I chuckle, shaking my head. “No, but could I send a pie to Wisconsin please?”

She nods. “Give me a sec, and I’ll take the details.”

Ten minutes—and a few broken privacy laws and called in favors to find Xavier’s address—later and a GTFO apple pie has been ordered and will be with him in the next forty-eight hours.

What could possibly go wrong?

One more hour, that’s how long I’m going to give myself before I head home for a cold shower, a date with my hand, and leftovers from the fridge.

But the more I stare at the paperwork in front of me, the more the documents blur. My eyes keep stuttering over the same paragraph. My fingers won’t stop tapping the pen. The models don’t make sense. The numbers won’t add up.

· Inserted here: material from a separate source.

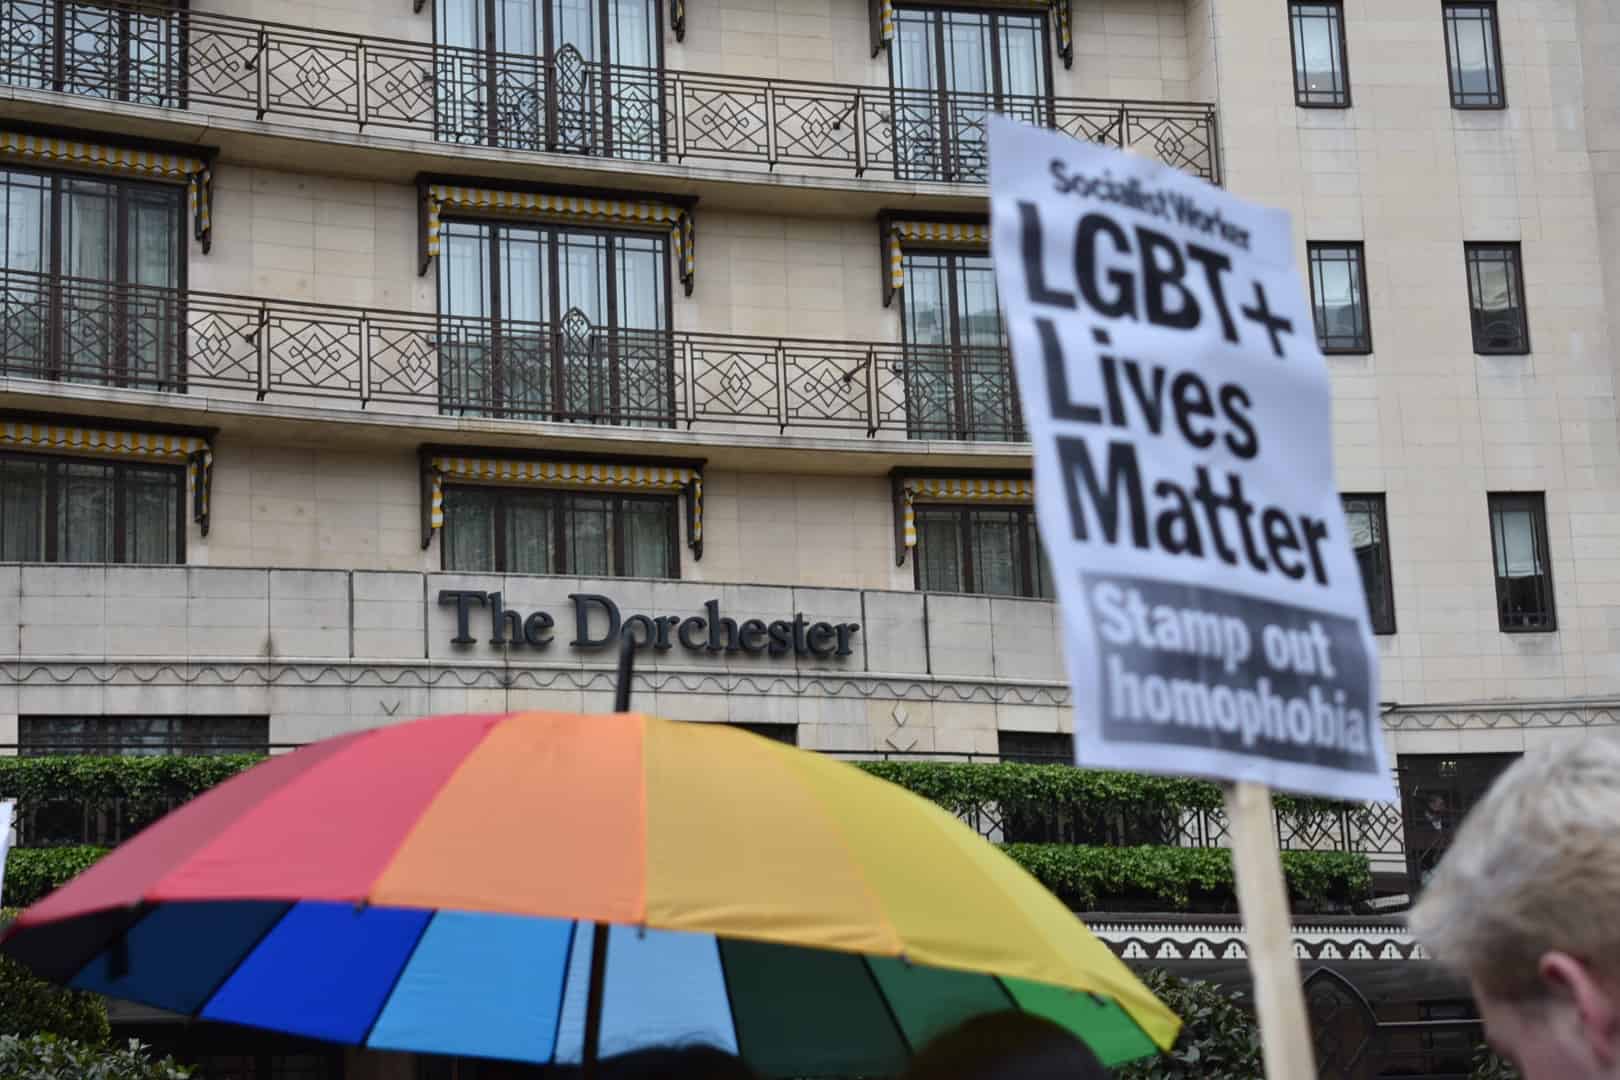 How will LGBTQ+ rights change under a Tory government in post-Brexit Britain?
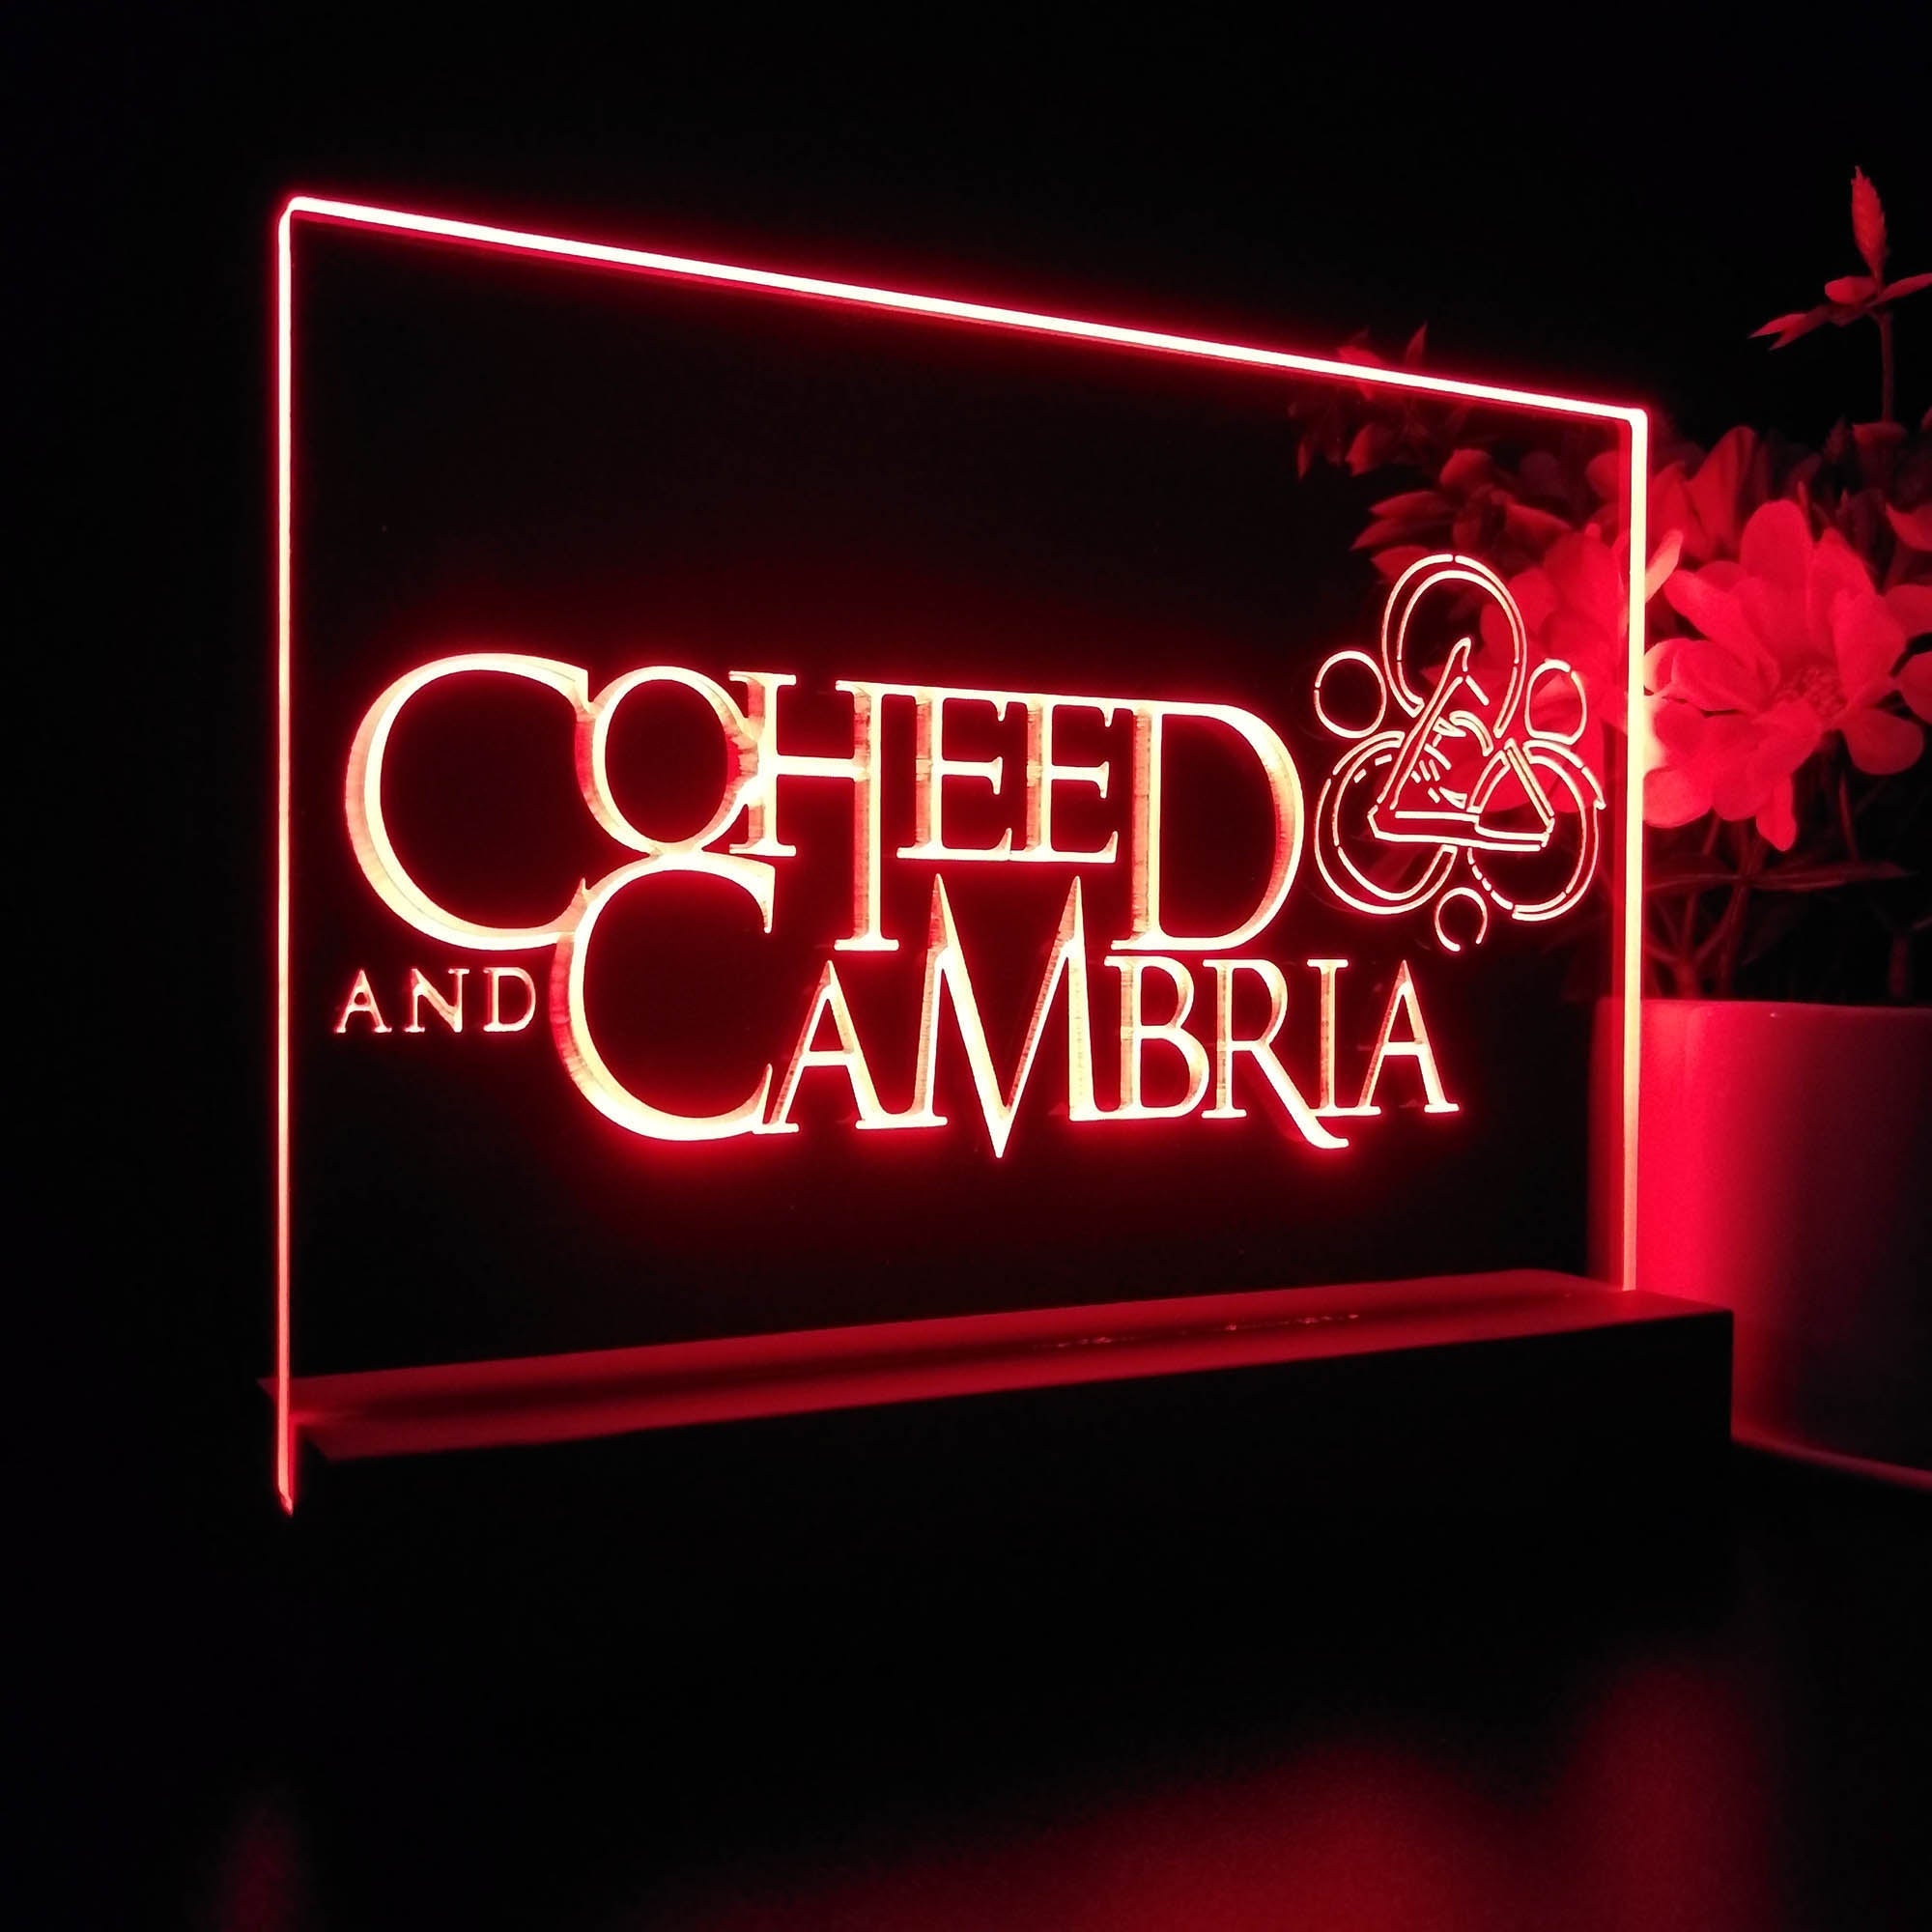 Coheed and Cambria Rock Band 3D Illusion Night Light Desk Lamp

And every time I close my eyes, I see Xavier’s lips saying “date him.”

My phone rings. It’s Apollo. Irritation needles at me like nails down a chalkboard. “What?”

“Hola to you too, Hermano.”

“I don’t have time for chit-chat, Pollo. What do you need?”

“Nothing when you’re like this.” The line goes dead, and I don’t even feel guilty for being a dick. I need time by myself.

I give up on work, and try schoolwork, with similar results, so I go for a brutal workout to punish the feeling off myself. Pain is clean. Wanting him isn’t. It’s been two weeks. How can someone still impact me like this from hundreds of miles away and after fourteen days?

When I’m finally relaxed enough to slide between my Egyptian cotton sheets, my phone buzzes again.

Apollo: Let me know if you need to talk. I’m worried about you.

Goal Daddy: Wanna hook up?

Every piece of me wants to hop in the car and drive to Wisconsin through the night to say yes. My keys are already in my hand before I realize it. But responsibility, the burden of command, the reminder of all the things I want to be and do with my life weigh heavily.

Artemis: No can do.

I don’t hit send. I delete it.

Artemis: We should stop.

Delete that too.

Artemis: Busy.

It’s not a lie, but it feels hollow.

The response is instantaneous.

Goal Daddy: All work and no play, makes the dark destroyer a dull dude, Honey Bun…

Once again, I find myself with a thumb itching to throw caution to the wind and jump into the fire with this man. Instead, I flip the phone face-down, like that could smother the part of me begging to say yes.